From 485c6ece8779e7a7eab50759b1e4212a98fe5baa Mon Sep 17 00:00:00 2001
From: Emanuel Schuetze <emanuel@intevation.de>
Date: Fri, 16 Sep 2016 23:35:37 +0200
Subject: [PATCH] Motion comment permission fixes on server and client.

- Show motion comment fields in form also for users without can_manage but with
  can_see_and_manage_comments permission.
- Ignore comments data if user is not allowed to send comments (in create view).
---
 openslides/motions/static/js/motions/base.js |  5 +++--
 openslides/motions/static/js/motions/site.js |  9 +++++----
 openslides/motions/views.py                  | 11 +++++++----
 3 files changed, 15 insertions(+), 10 deletions(-)

diff --git a/openslides/motions/static/js/motions/base.js b/openslides/motions/static/js/motions/base.js
index 5d7f120d8..01116c5d9 100644
--- a/openslides/motions/static/js/motions/base.js
+++ b/openslides/motions/static/js/motions/base.js
@@ -315,7 +315,8 @@ angular.module('OpenSlidesApp.motions', [
 // Service for generic comment fields
 .factory('MotionComment', [
     'Config',
-    function (Config) {
+    'operator',
+    function (Config, operator) {
         return {
             getFields: function () {
                 // Take input from config field and parse it.
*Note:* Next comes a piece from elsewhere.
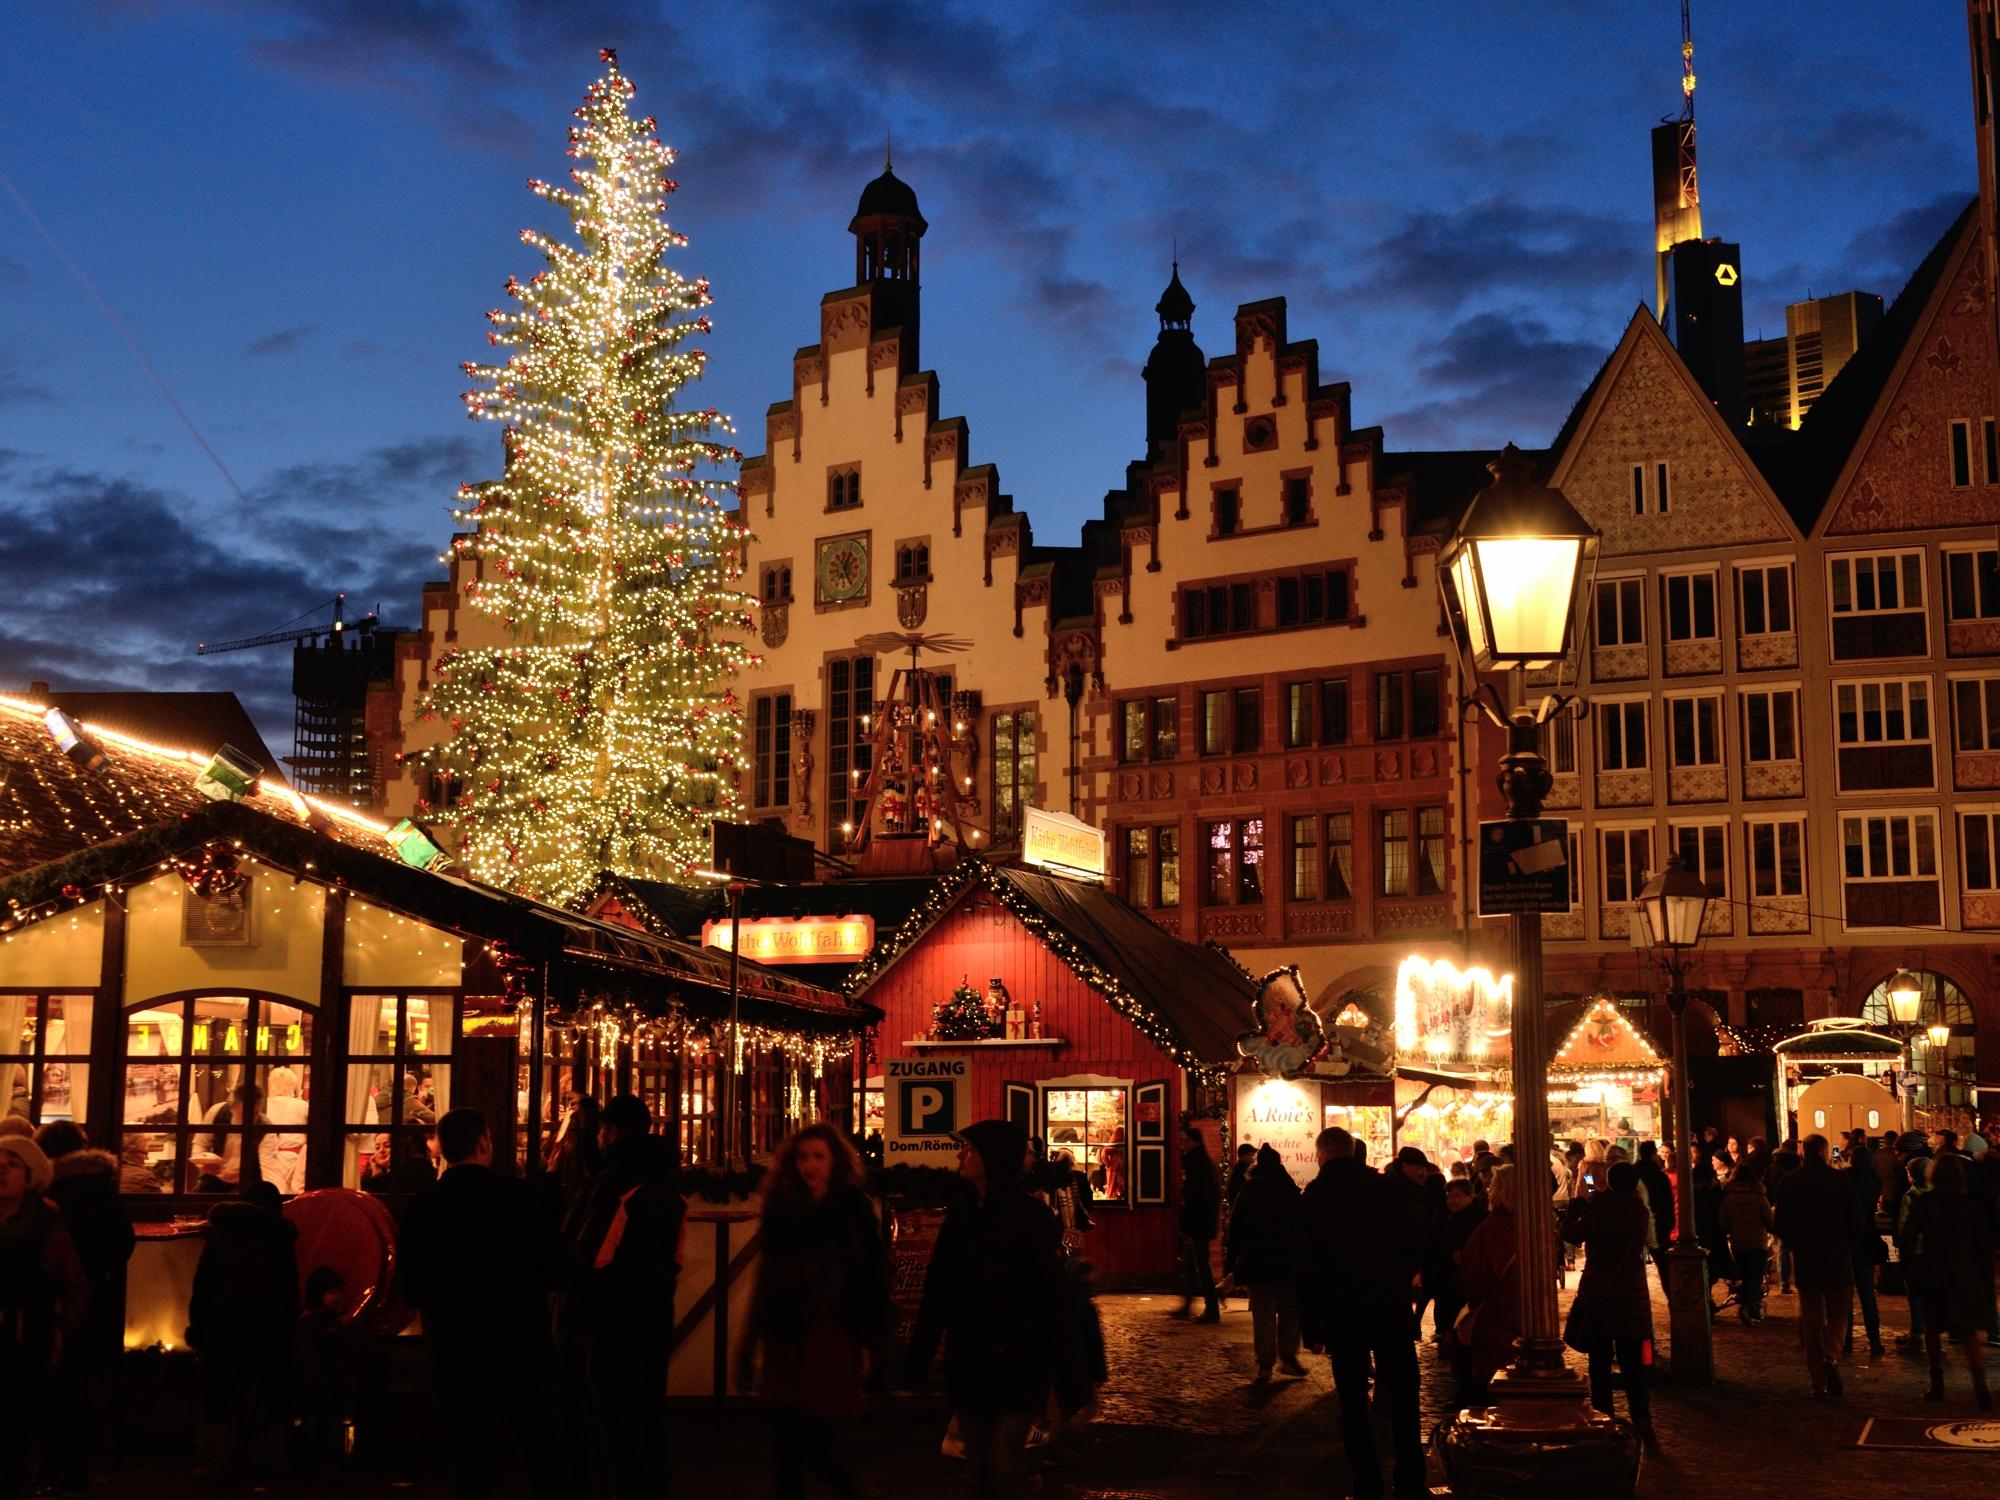 Frankfurt Römerberg - town hall and Christmas tree

It can be some
@@ -396,7 +397,7 @@ angular.module('OpenSlidesApp.motions', [
                             templateOptions: {
                                 label: field.name,
                             },
-                            hideExpression: '!model.more'
+                            hide: !operator.hasPerms("motions.can_see_and_manage_comments")
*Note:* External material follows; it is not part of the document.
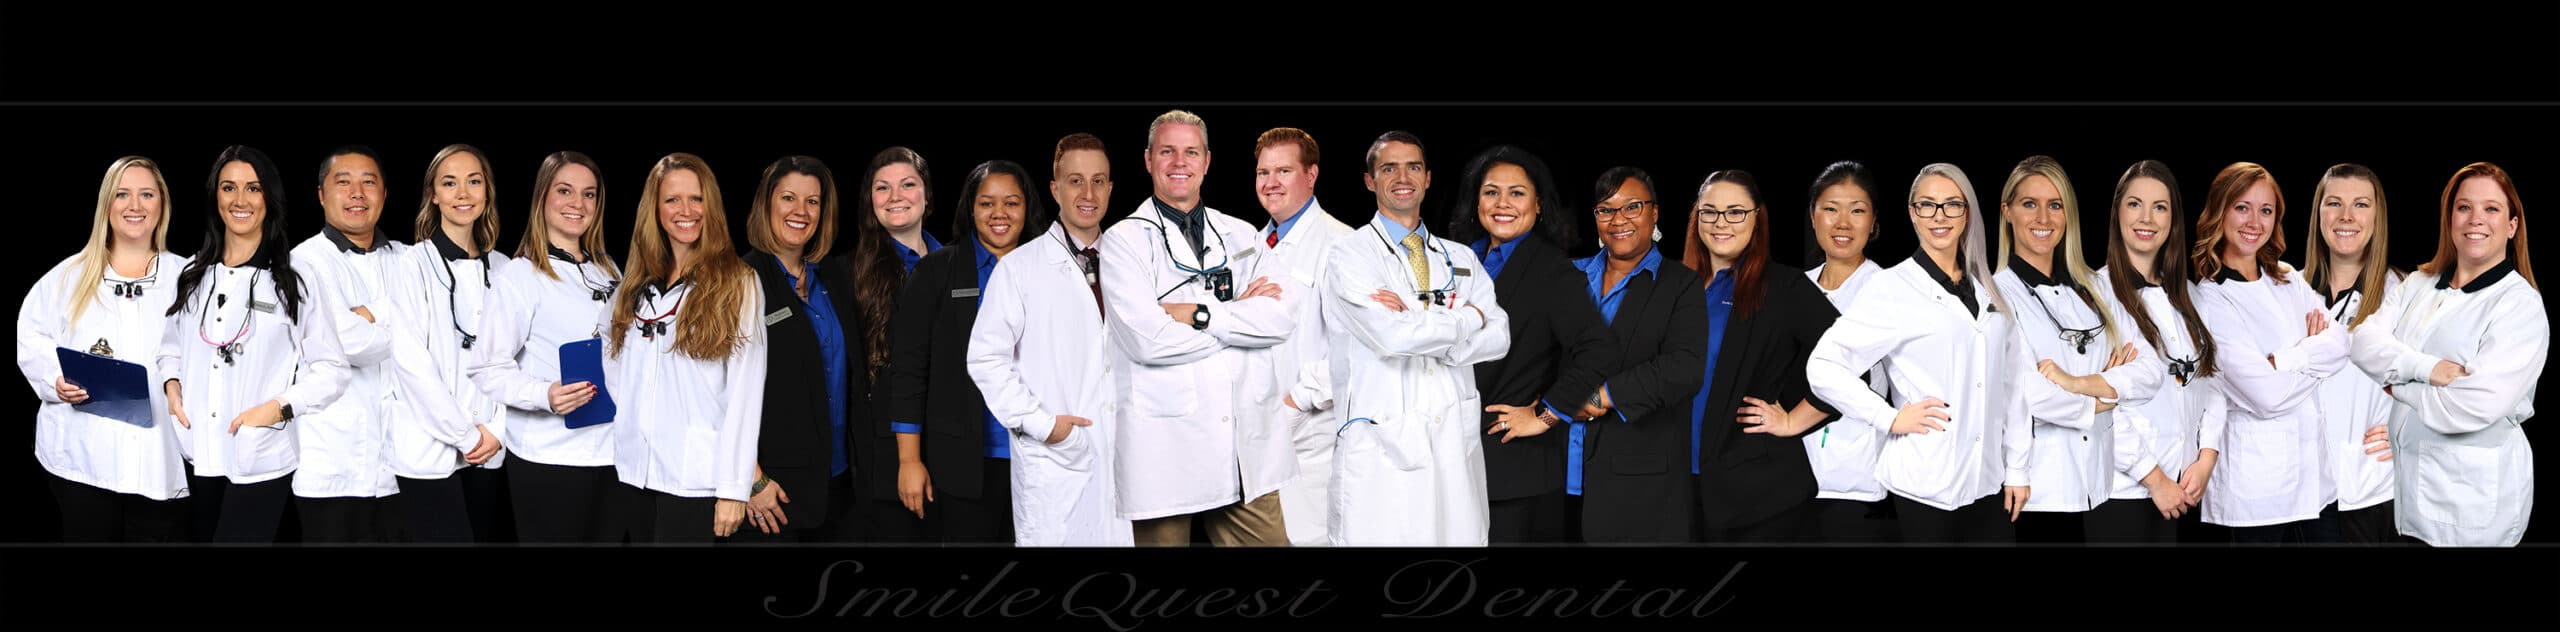 Our Team | Smile Quest Dental

                         };
                     }
                 );
diff --git a/openslides/motions/static/js/motions/site.js b/openslides/motions/static/js/motions/site.js
index 027b0bf63..e3768cbba 100644
--- a/openslides/motions/static/js/motions/site.js
+++ b/openslides/motions/static/js/motions/site.js
@@ -648,7 +648,9 @@ angular.module('OpenSlidesApp.motions.site', ['OpenSlidesApp.motions', 'OpenSlid
                         placeholder: gettextCatalog.getString('Select a parent item ...')
                     },
                     hide: !operator.hasPerms('agenda.can_manage')
-                },
+                }]
+                .concat(MotionComment.getFormFields())
+                .concat([
                 {
                     key: 'more',
                     type: 'checkbox',
@@ -708,9 +710,8 @@ angular.module('OpenSlidesApp.motions.site', ['OpenSlidesApp.motions', 'OpenSlid
                         placeholder: gettextCatalog.getString('Select or search a supporter ...')
                     },
                     hideExpression: '!model.more'
-                }]
-                .concat(MotionComment.getFormFields())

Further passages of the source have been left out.